──────── DATASET EXTRACT

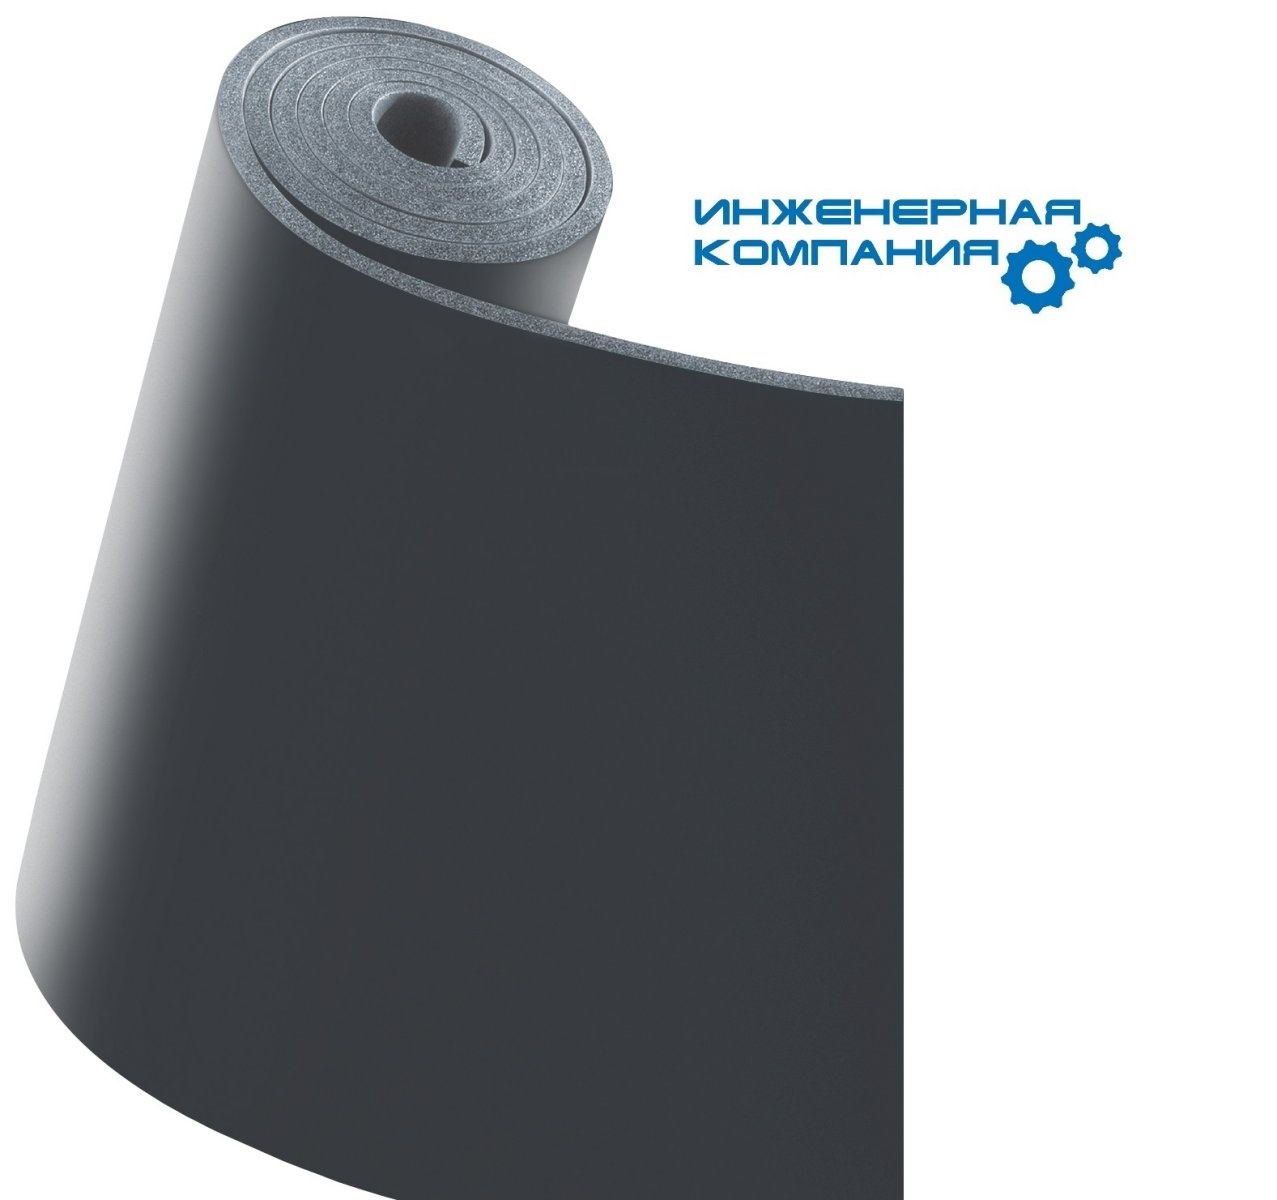 Рулон k-Flex склад. Изоляция каучуковая цилиндр. Материал рулонный каучуковый, основа стеклоткань. Теплоизоляция k-Shield.
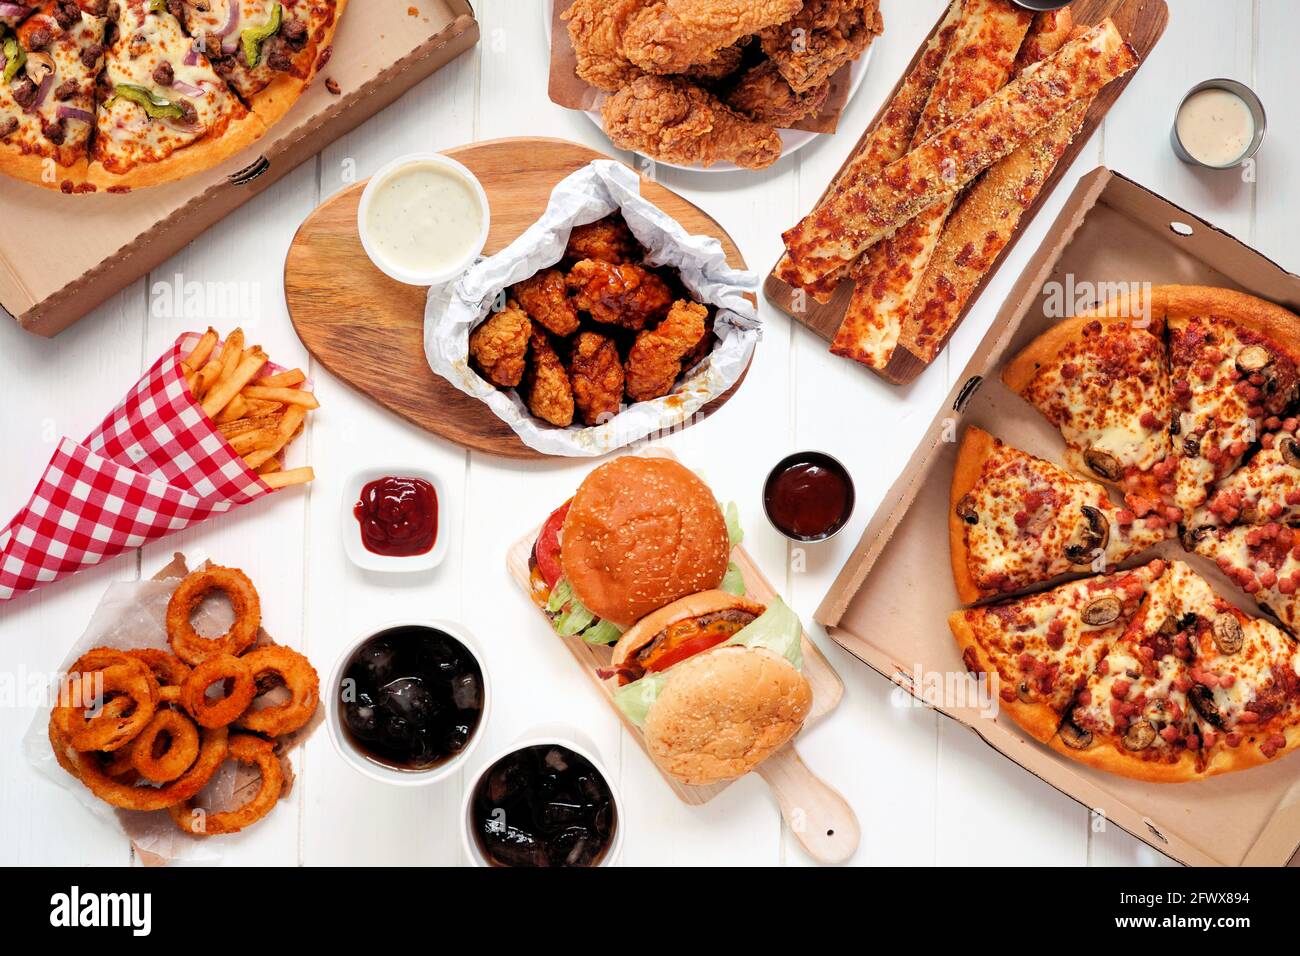 Buffet-Tisch mit Speisen zum Mitnehmen oder Anliefern. Pizza, Hamburger, gebratenes Huhn und Beilagen. Draufsicht auf weißem Holzhintergrund. Stockfoto
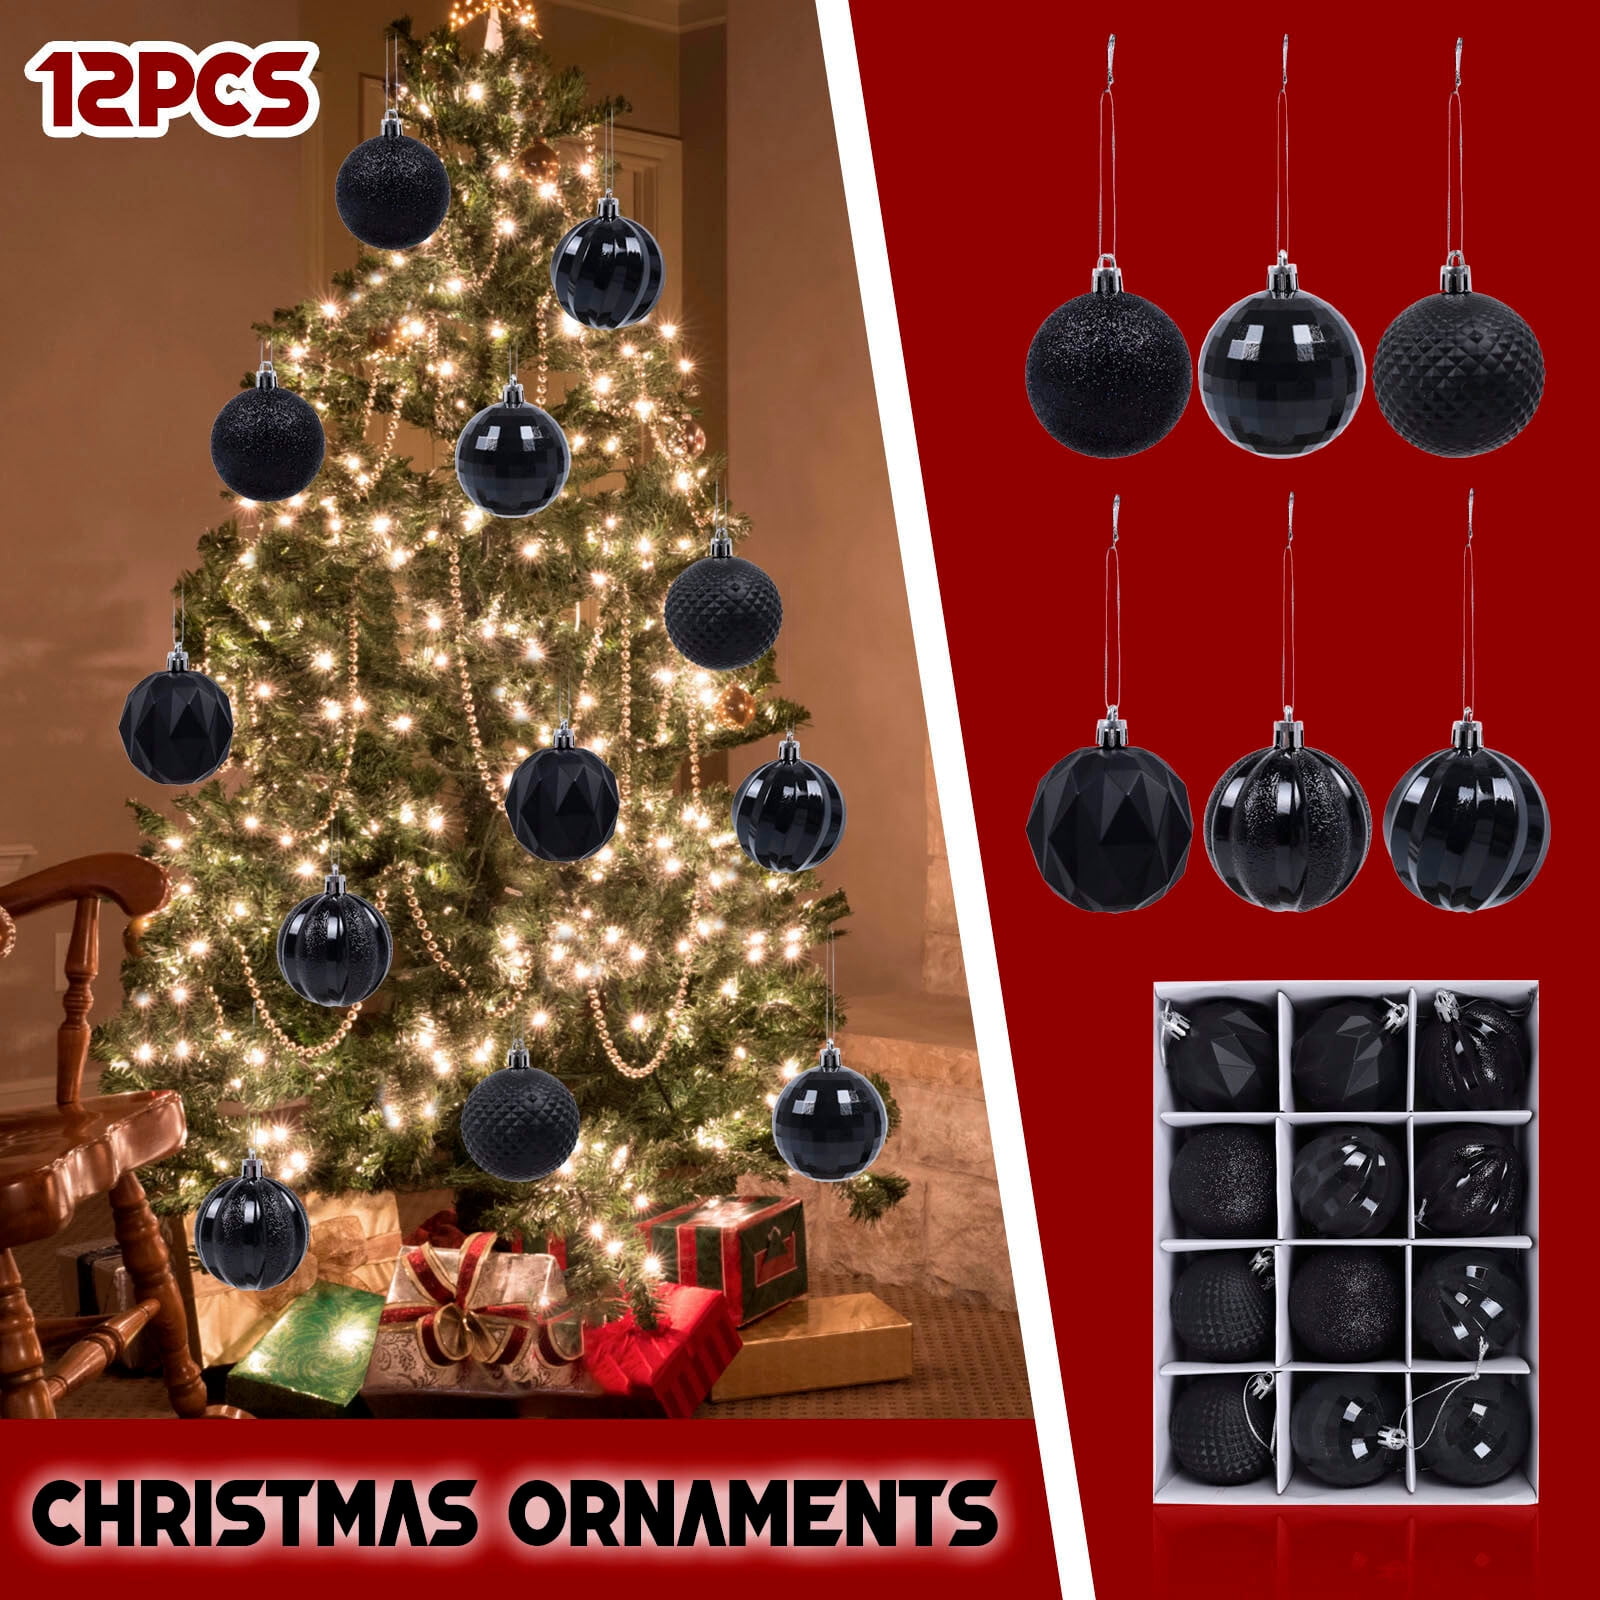 2.36 Black Christmas Balls Ornaments 25 Pcs Shatterproof Christmas  Ornaments Set Halloween Balls Ornaments Black Ornaments for Christmas Tree  Holiday

────────────────

## WHAT THE EXERCISE ASKS
In the data above, please extract the lines from the first one through the line with "Buffet-Tisch mit Speisen", exactly, and keep pictures out.

## ANSWER TO THIS EXERCISE
 Рулон k-Flex склад. Изоляция каучуковая цилиндр. Материал рулонный каучуковый, основа стеклоткань. Теплоизоляция k-Shield.
 Buffet-Tisch mit Speisen zum Mitnehmen oder Anliefern. Pizza, Hamburger, gebratenes Huhn und Beilagen. Draufsicht auf weißem Holzhintergrund. Stockfoto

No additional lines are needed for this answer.